Below are also some thoughts on the papers on tiny pointers, used to achieve hash tables with load factors very close to 1: Bender et al. (2021), Farach-Colton, Krapivin, and Kuszmaul (2025).

1 Consensus

Setting. Suppose we have \(n\) Bernoulli processes \(B_i\), each with probability1 of success \(p_i\). For each \(B_i\), we retry it until success at attempt \(S_i \in \{0,1,2,\dots\}\).

Goal. Store all \(S_i\) using minimal space.

Optimal. The optimal space to store some successful \(S_i\) for each \(i\) is \(\sum_i \log_2(1/p_i)\) bits. And in expectation, we must do at least \(T_i = 1/p_i\) trials of experiment \(i\).

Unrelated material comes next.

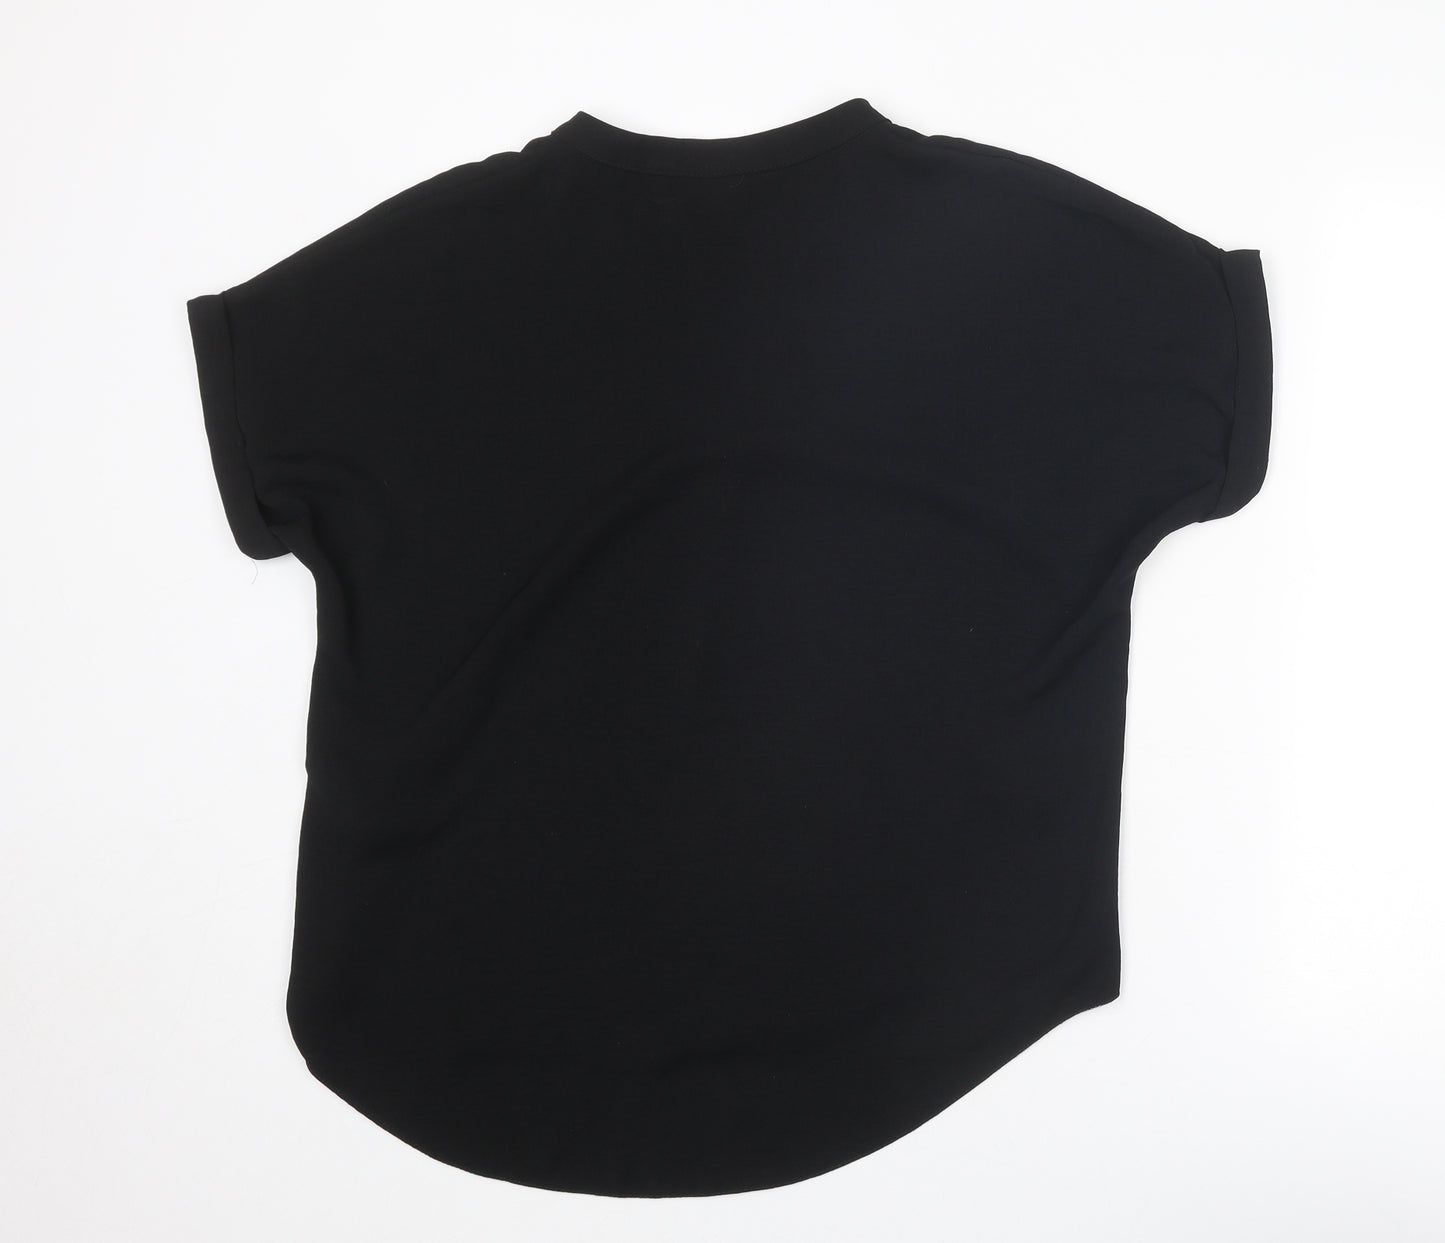 New Look Womens Black Polyester Basic T-Shirt Size 16 V-Neck

Main result. The main result states that with \(\varepsilon\) bits per element extra, for total space \(M^{opt} + \varepsilon n + O(\log n)\), it is possible to encode seeds \(S_i\) using in expectation \(O(T_i^{opt} / \varepsilon)\) tries.

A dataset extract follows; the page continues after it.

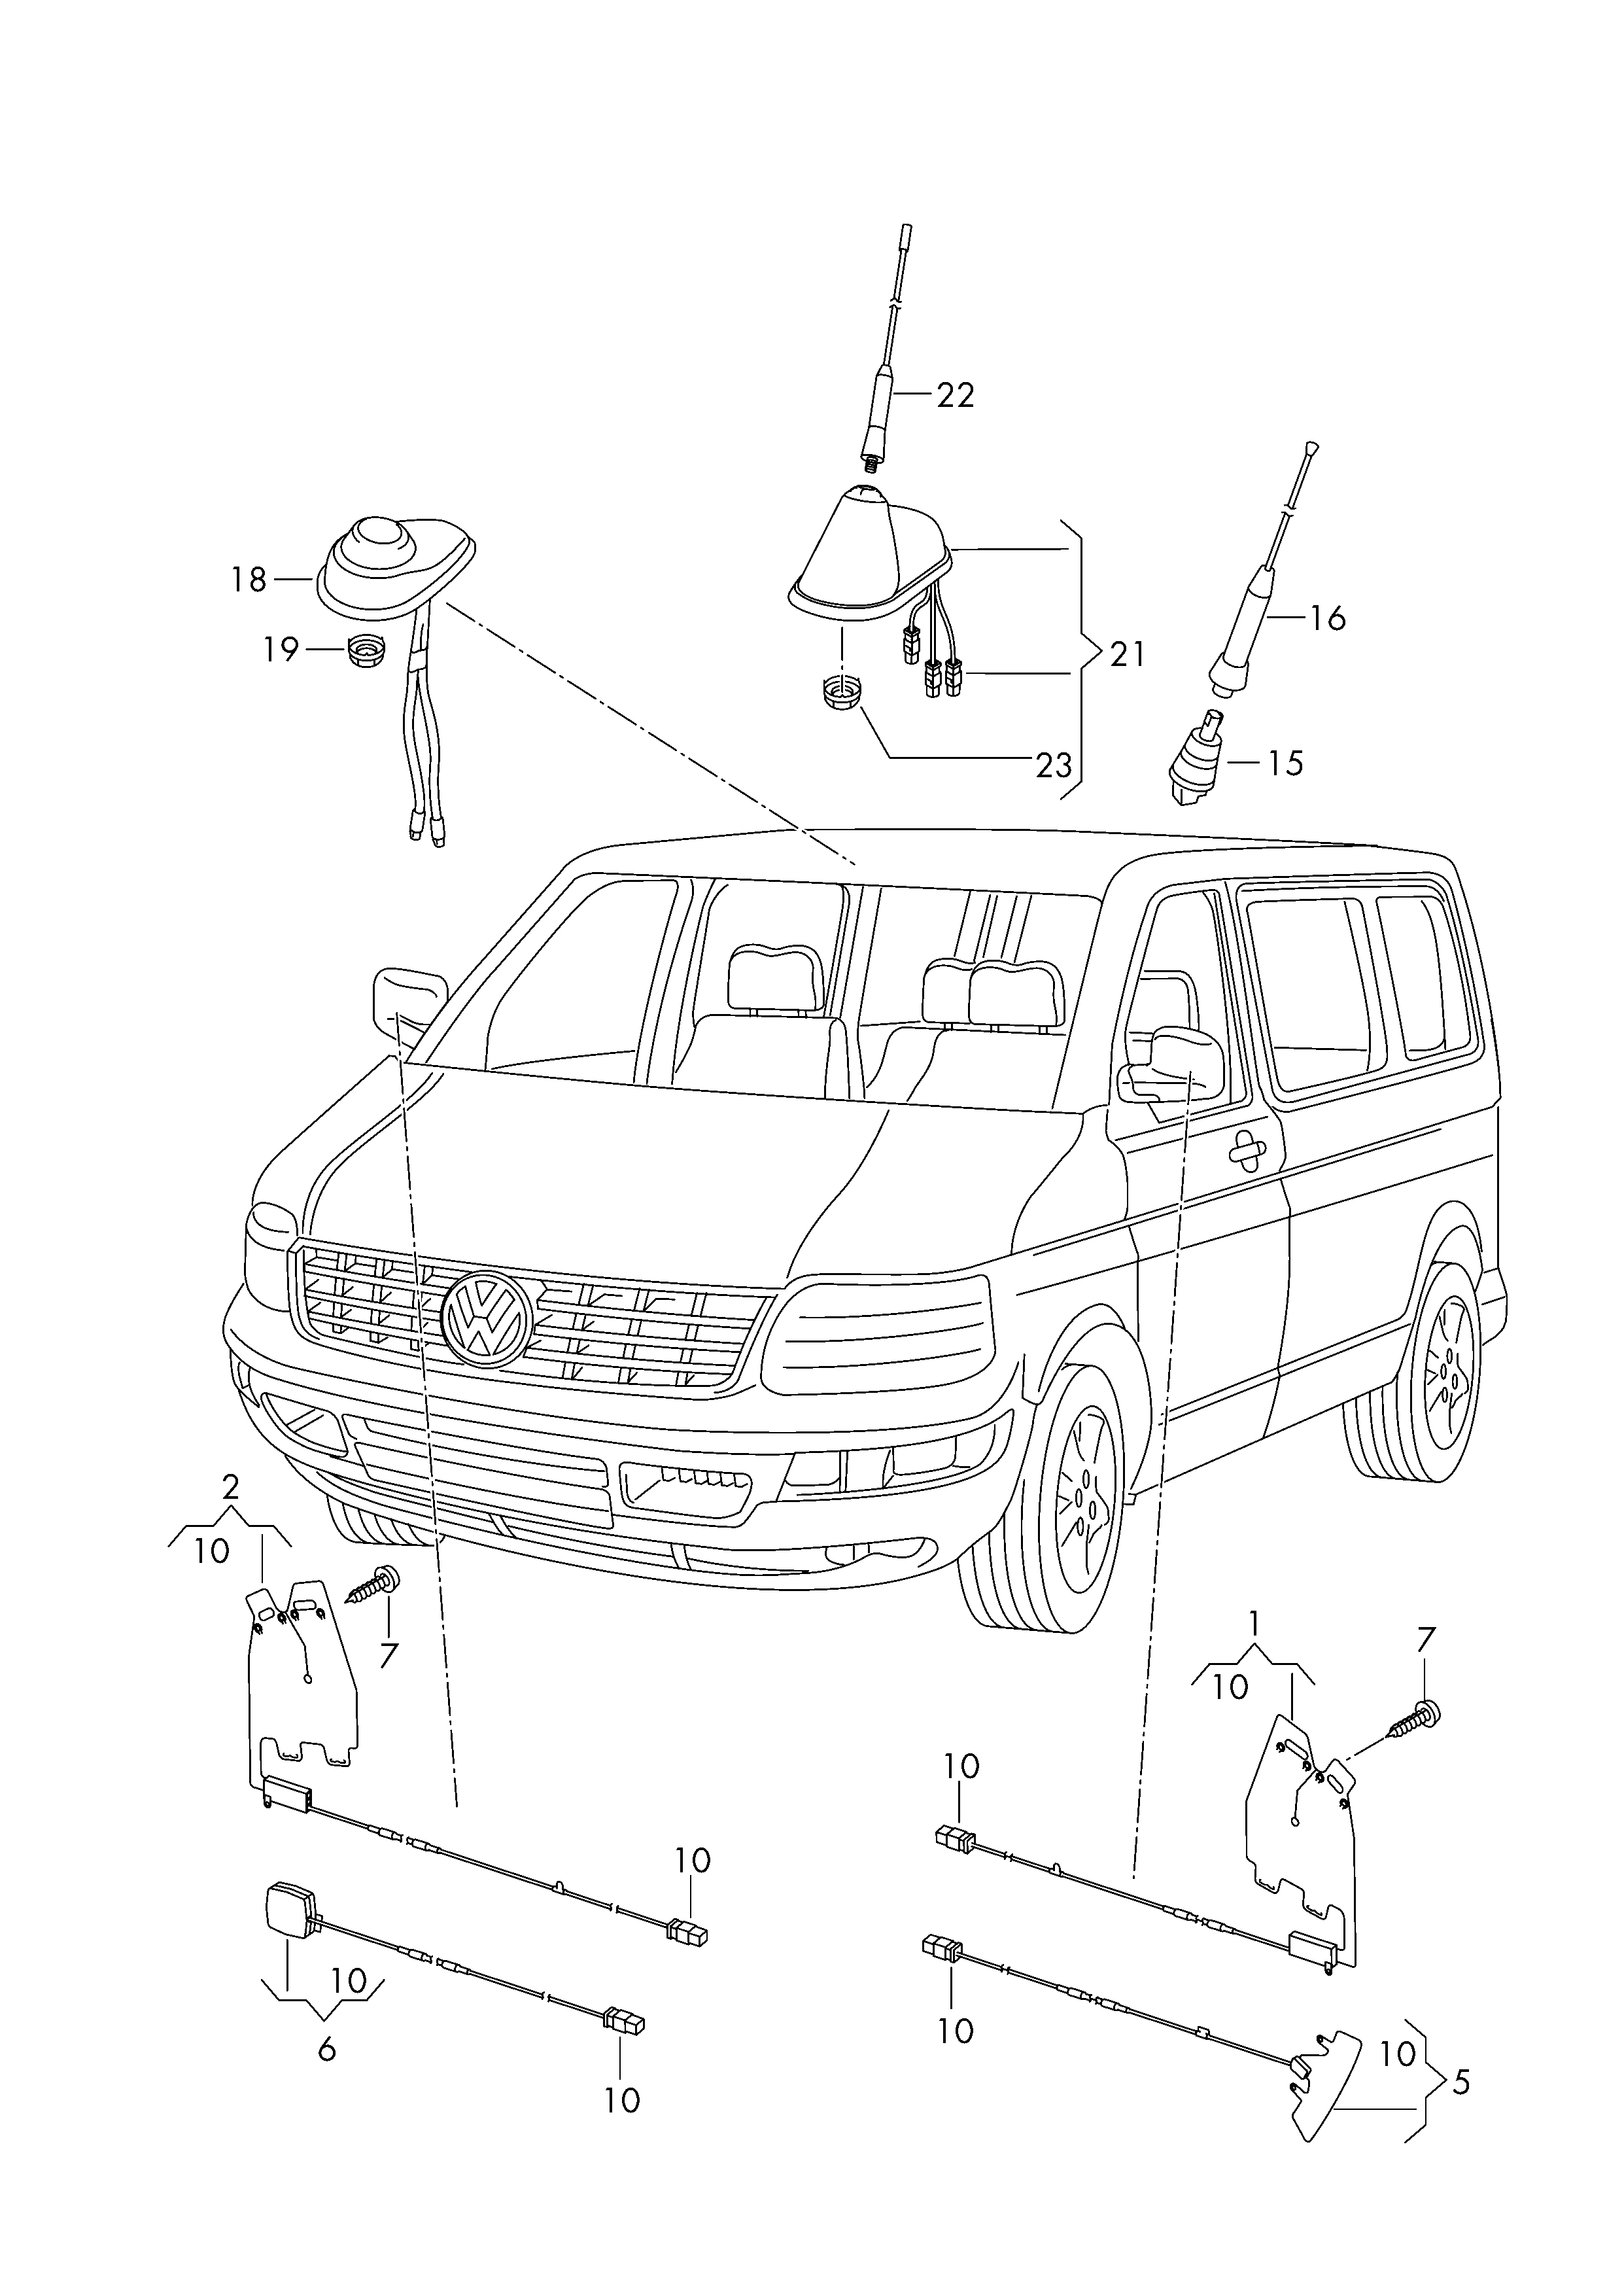 Modulo de antena  - Transporter - tr

Method. Consider a bitstring of length \(\sum_j (\varepsilon + \log_2(1/p_j))\). As the seed \(S_i\), use the 64 bits ending at position \(L_j:=\left\lceil\sum_{j\leq i} (\varepsilon + \log_2(1/p_j))\right\rceil\).

Then, seeds \(S_i\) can be found using a greedy DFS. Suppose seeds have already been found up to \(S_{i-1}\).

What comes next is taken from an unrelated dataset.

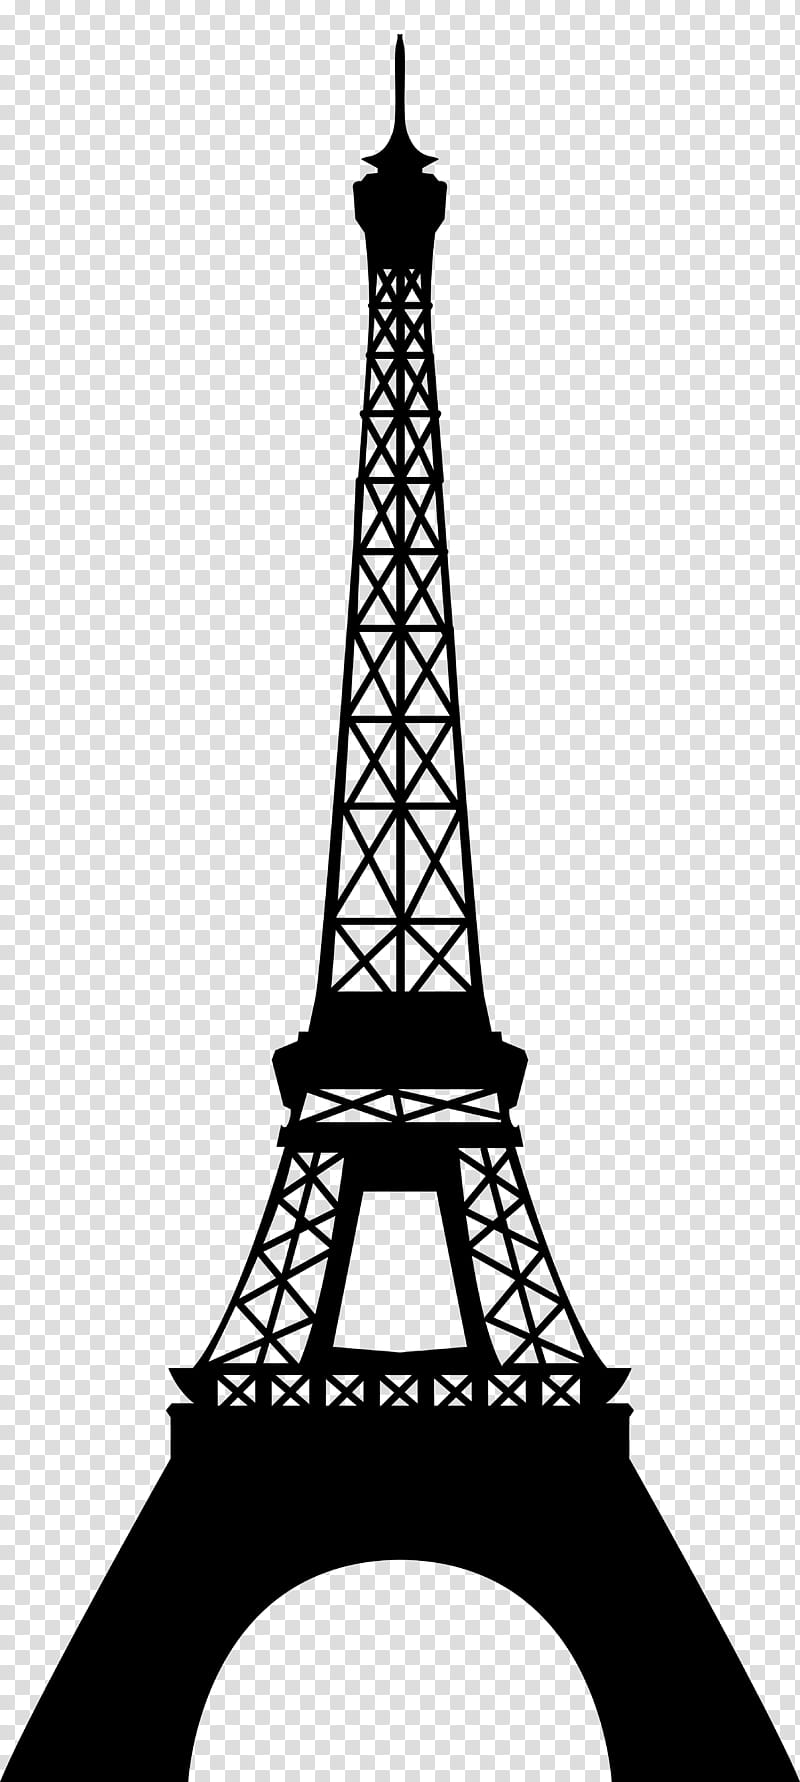 Eiffel Tower, Silhouette, Paris, Landmark, Obelisk, Monument, National Historic Landmark, Spire transparent background PNG clipart

  1. Using the additional bits between \(L_{i-1}\) and \(L_i\), find a seed for \(B_i\).
  2. On success, move on to \(B_{i+1}\).
  3. On failure, go back to \(B_{i-1}\), and search its next seed. If needed, move back up more.

1.1 Consensus-RecSplit

The MPHF they introduce using consensus is rather pretty:

  1. Assume that \(n=2^d\). We will build a depth-\(d\) splitting tree.
  2. First find a seed \(S_0\) that splits the \(n\) keys into two sets.
  3. Then find seeds \(S_0\) and \(S_1\) that split the two sets equally into four sets.
  4. Repeat, until in the last level we find seeds \(S_0, \dots, S_{2^{d-1}-1}\) that slit each leaf of two keys into individual keys.

The beauty is now that we can use Consensus to compactly store the seeds in each level using only minimal overhead. And as it turns out, in the basis this construction is space-optimal, and the only overhead is in the \(\varepsilon\) we use to encode the seeds.

The only drawback is that this now requires looking up \(\log_2 n\) seeds to look up a key.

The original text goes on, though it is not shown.